___ RECORD EXCERPTS

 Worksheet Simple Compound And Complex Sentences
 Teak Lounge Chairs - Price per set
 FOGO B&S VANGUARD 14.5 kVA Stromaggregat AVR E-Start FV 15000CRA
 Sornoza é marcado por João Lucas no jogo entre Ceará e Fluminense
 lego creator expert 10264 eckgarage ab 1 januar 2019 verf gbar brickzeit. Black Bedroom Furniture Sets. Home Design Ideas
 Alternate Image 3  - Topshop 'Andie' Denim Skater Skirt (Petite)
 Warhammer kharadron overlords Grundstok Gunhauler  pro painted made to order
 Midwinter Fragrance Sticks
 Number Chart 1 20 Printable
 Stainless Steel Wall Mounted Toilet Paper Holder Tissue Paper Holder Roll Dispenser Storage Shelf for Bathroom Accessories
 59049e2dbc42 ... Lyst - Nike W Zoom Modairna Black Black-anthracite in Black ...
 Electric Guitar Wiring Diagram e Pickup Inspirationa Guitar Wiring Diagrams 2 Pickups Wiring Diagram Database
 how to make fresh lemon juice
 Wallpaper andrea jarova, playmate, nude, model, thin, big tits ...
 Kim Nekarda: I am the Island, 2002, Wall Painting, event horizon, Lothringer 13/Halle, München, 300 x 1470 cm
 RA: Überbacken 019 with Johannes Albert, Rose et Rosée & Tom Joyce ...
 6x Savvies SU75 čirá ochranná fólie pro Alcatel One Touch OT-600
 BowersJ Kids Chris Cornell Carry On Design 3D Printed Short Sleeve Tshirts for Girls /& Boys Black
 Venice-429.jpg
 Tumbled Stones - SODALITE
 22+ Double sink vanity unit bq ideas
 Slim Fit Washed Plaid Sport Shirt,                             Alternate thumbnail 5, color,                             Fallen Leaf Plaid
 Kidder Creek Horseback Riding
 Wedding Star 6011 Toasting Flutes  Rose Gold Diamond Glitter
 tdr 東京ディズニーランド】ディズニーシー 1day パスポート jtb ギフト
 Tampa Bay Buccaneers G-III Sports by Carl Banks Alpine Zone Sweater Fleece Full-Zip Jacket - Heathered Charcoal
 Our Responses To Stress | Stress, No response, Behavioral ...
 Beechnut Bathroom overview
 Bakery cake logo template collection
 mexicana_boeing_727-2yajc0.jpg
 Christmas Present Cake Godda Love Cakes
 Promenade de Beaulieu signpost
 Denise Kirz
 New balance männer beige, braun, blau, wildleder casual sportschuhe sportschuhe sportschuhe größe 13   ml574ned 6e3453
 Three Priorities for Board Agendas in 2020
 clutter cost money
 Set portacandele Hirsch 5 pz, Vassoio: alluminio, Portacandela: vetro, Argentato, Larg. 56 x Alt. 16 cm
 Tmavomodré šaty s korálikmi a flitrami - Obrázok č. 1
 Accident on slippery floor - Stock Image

______

WHAT YOU ARE ASKED TO DO: Copy out only the lines of the records above from the one with "Kim Nekarda: I" through the one with "mexicana_boeing_727-2yajc0.jpg", exactly as they stand, both included.

YOUR RESPONSE:
 Kim Nekarda: I am the Island, 2002, Wall Painting, event horizon, Lothringer 13/Halle, München, 300 x 1470 cm
 RA: Überbacken 019 with Johannes Albert, Rose et Rosée & Tom Joyce ...
 6x Savvies SU75 čirá ochranná fólie pro Alcatel One Touch OT-600
 BowersJ Kids Chris Cornell Carry On Design 3D Printed Short Sleeve Tshirts for Girls /& Boys Black
 Venice-429.jpg
 Tumbled Stones - SODALITE
 22+ Double sink vanity unit bq ideas
 Slim Fit Washed Plaid Sport Shirt,                             Alternate thumbnail 5, color,                             Fallen Leaf Plaid
 Kidder Creek Horseback Riding
 Wedding Star 6011 Toasting Flutes  Rose Gold Diamond Glitter
 tdr 東京ディズニーランド】ディズニーシー 1day パスポート jtb ギフト
 Tampa Bay Buccaneers G-III Sports by Carl Banks Alpine Zone Sweater Fleece Full-Zip Jacket - Heathered Charcoal
 Our Responses To Stress | Stress, No response, Behavioral ...
 Beechnut Bathroom overview
 Bakery cake logo template collection
 mexicana_boeing_727-2yajc0.jpg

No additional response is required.